Full load operating time
UPS continuous operation time from a fully charged battery when connected to a load with a power equal to the UPS output power (maximum or effective, depending on the type of load, see the relevant paragraphs for details). For a UPS designed to work with a home or office PC, a time of about 10-15 minutes is considered sufficient, this is enough to save data and complete work. To power servers, it is worth using devices with an operating time
of 20 minutes or more.
Half load operating time
UPS continuous operation time from a fully charged battery when connected to a load with a power equal to half the output power of the UPS (maximum or effective, depending on the type of load, see below for details). The operating time with such a load is much longer than for a full load, and even in the simplest models it can reach 20-30 minutes.
Input voltage range
In this case, the input voltage range is implied, in which the UPS is able to supply a stable voltage to the load only due to its own regulators, without switching to the battery. For redundant UPSs (see "Type") this range is quite small, approximately 190 to 260 V; for interactive and especially inverter ones, it is much wider. Some UPS models allow you to manually set the input voltage range.
Max. current
The maximum current drawn by the UPS. In fact, the current reaches its maximum value only when the UPS is operating from the mains with maximum load power and a completely discharged battery. However, when calculating the load on the power grid, this parameter should be taken into account.
Rated output power
The effective output power of the UPS is, in fact, the maximum active power of the load that can be connected to the device.

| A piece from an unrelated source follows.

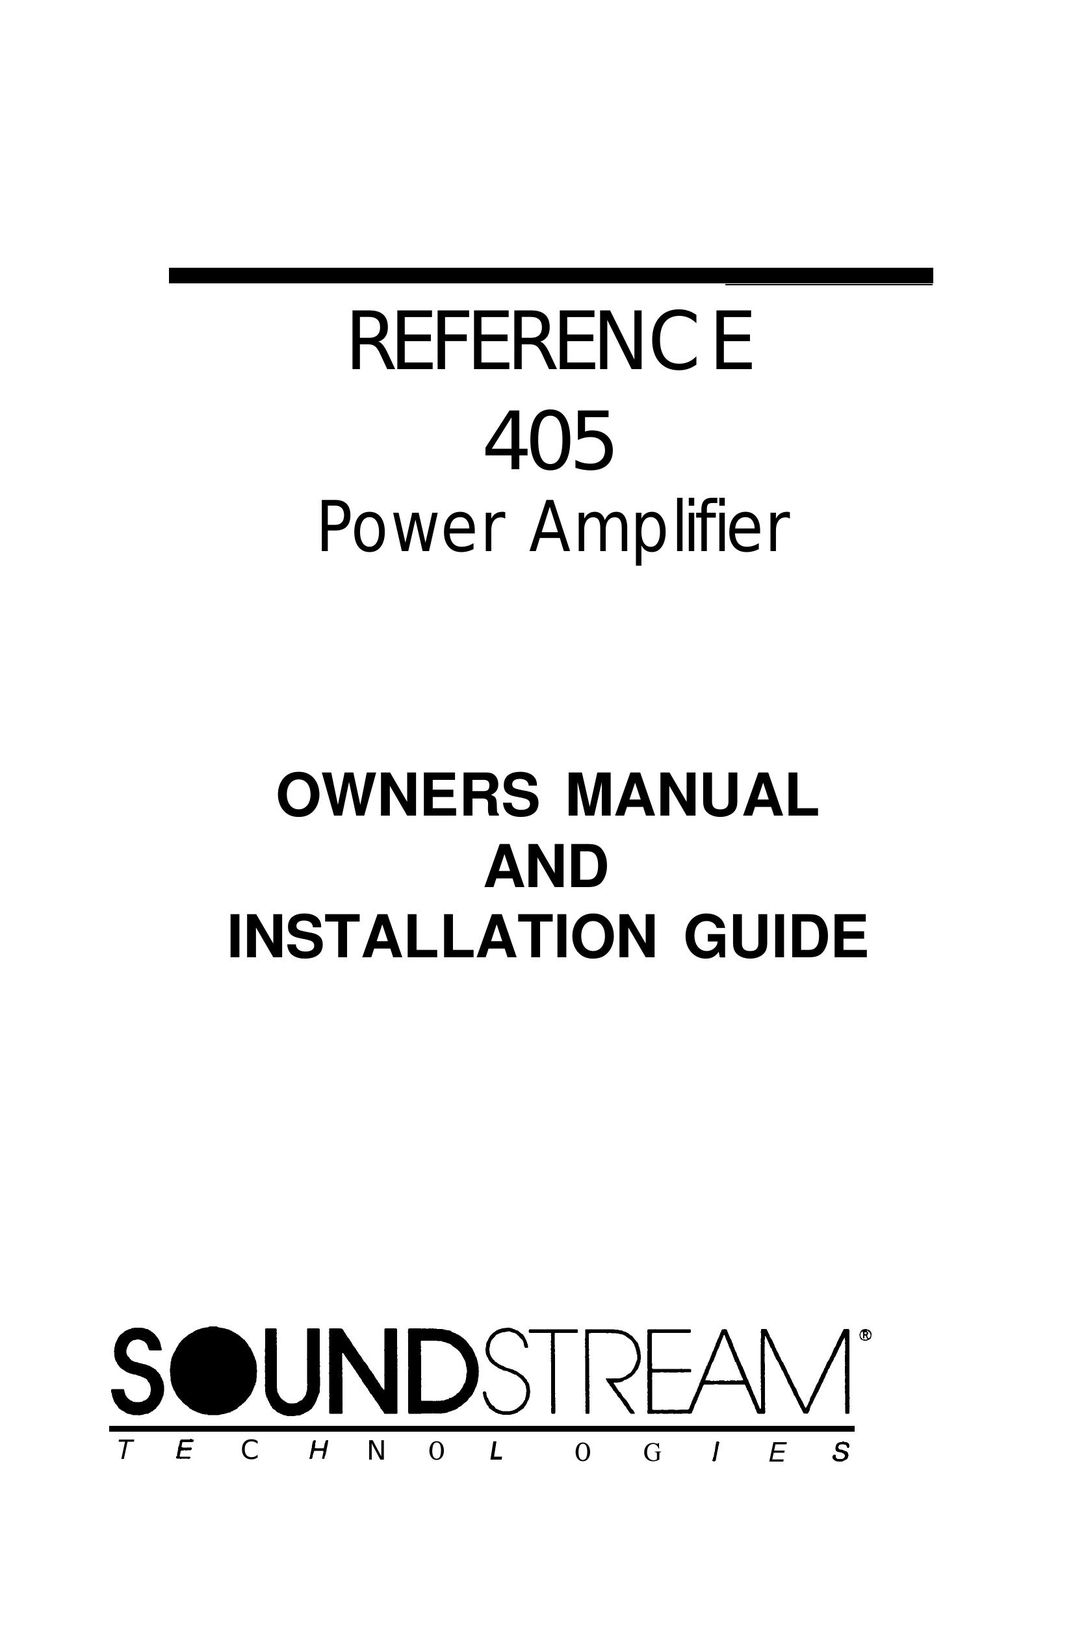 Soundstream Technologies REFERENCE 405 Stereo Amplifier User Manual

Active power is consumed directly for the operation of the device; it is expressed in watts. In addition to it, most AC devices also consume reactive power, which is "wasted" (relatively speaking) is spent by coils and capacitors. Apparent power (denoted in volt-amperes) is precisely the sum of active and reactive power; it is this characteristic that should be used in accurate electrical calculations. See "Maximum output power" for details; here we note that when selecting a UPS for a relatively simple application, it is quite possible to use only effective power. This is at least easier than converting the watts claimed in the characteristics of the connected devices into full power volt-amps.
The most modest modern "uninterruptibles" give out
less than 500 watts.
501 – 1000 W can be considered an average value,
1.1 – 2 kW is above average, and in the most powerful models this figure
exceeds 2 kW and can reach very impressive values (up to 1000 kW or more in some industrial class UPS).
Efficiency
Efficiency (coefficient of performance) in the case of a UPS is the ratio of its output power to the power consumed from the network. This is one of the main parameters that determine the overall efficiency of the device: the higher the efficiency, the less energy the UPS wastes (due to heating parts, electromagnetic radiation, etc.). In modern models, the efficiency value can reach 99%.
Battery(ies) connection to UPS
Rated voltage of external batteries that can be used in the UPS.
For more information about such batteries, see "
External battery connection", here it is worth saying that the voltage of the external battery must correspond to the voltage for which the UPS is designed. If these parameters differ, at best, the UPS simply will not start, and at worst, overloads and even a fire are possible.
In general, the more powerful the UPS, the higher the voltage of the external batteries it is designed for. However, there is no strict rule. Some models even allow for multiple voltage options, such as 96/108/120 V. It is also worth noting that a power source with the required voltage can be assembled from several lower voltage batteries connected in series: for example, 3 batteries of 12 V can be used to achieve 36 V.
It is important to emphasize that the standard voltages for most modern UPS systems are multiples of 12 V. However, car batteries cannot be used in these devices. Despite having identical voltages, car batteries are designed for a fundamentally different mode of operation. Using them in a UPS can result in, at best, improper functioning of the device, and at worst, fires and even explosions.
Total battery capacity
The capacity of the battery installed in the UPS. For models with multiple batteries, this is both the total working capacity and the capacity of each individual battery: the batteries in such devices are usually connected in series, so that their total capacity corresponds to the capacity of each individual cell.
Theoretically, a higher battery capacity means the ability to power loads of a given capacity for longer. However, in fact, this parameter is more of a reference than practically significant. The fact is that the actual amount of energy stored by the battery depends not only on the capacity in amp-hours, but also on the voltage in volts; this voltage is often not specified in the characteristics, despite the fact that for accurate calculations it must be known. So when choosing, you should focus on more "close to life" characteristics — first of all, on the directly claimed operating time in different modes (see above).
Cold start
The ability to turn on the uninterruptible power supply in the "cold start" mode.
A
cold start is a turn-on mode in which there is no external power, and the load connected to the UPS is powered immediately from the uninterruptible battery (which, of course, must be charged). This mode is especially useful in emergency cases — for example, if you urgently need to print a document, but there is no light.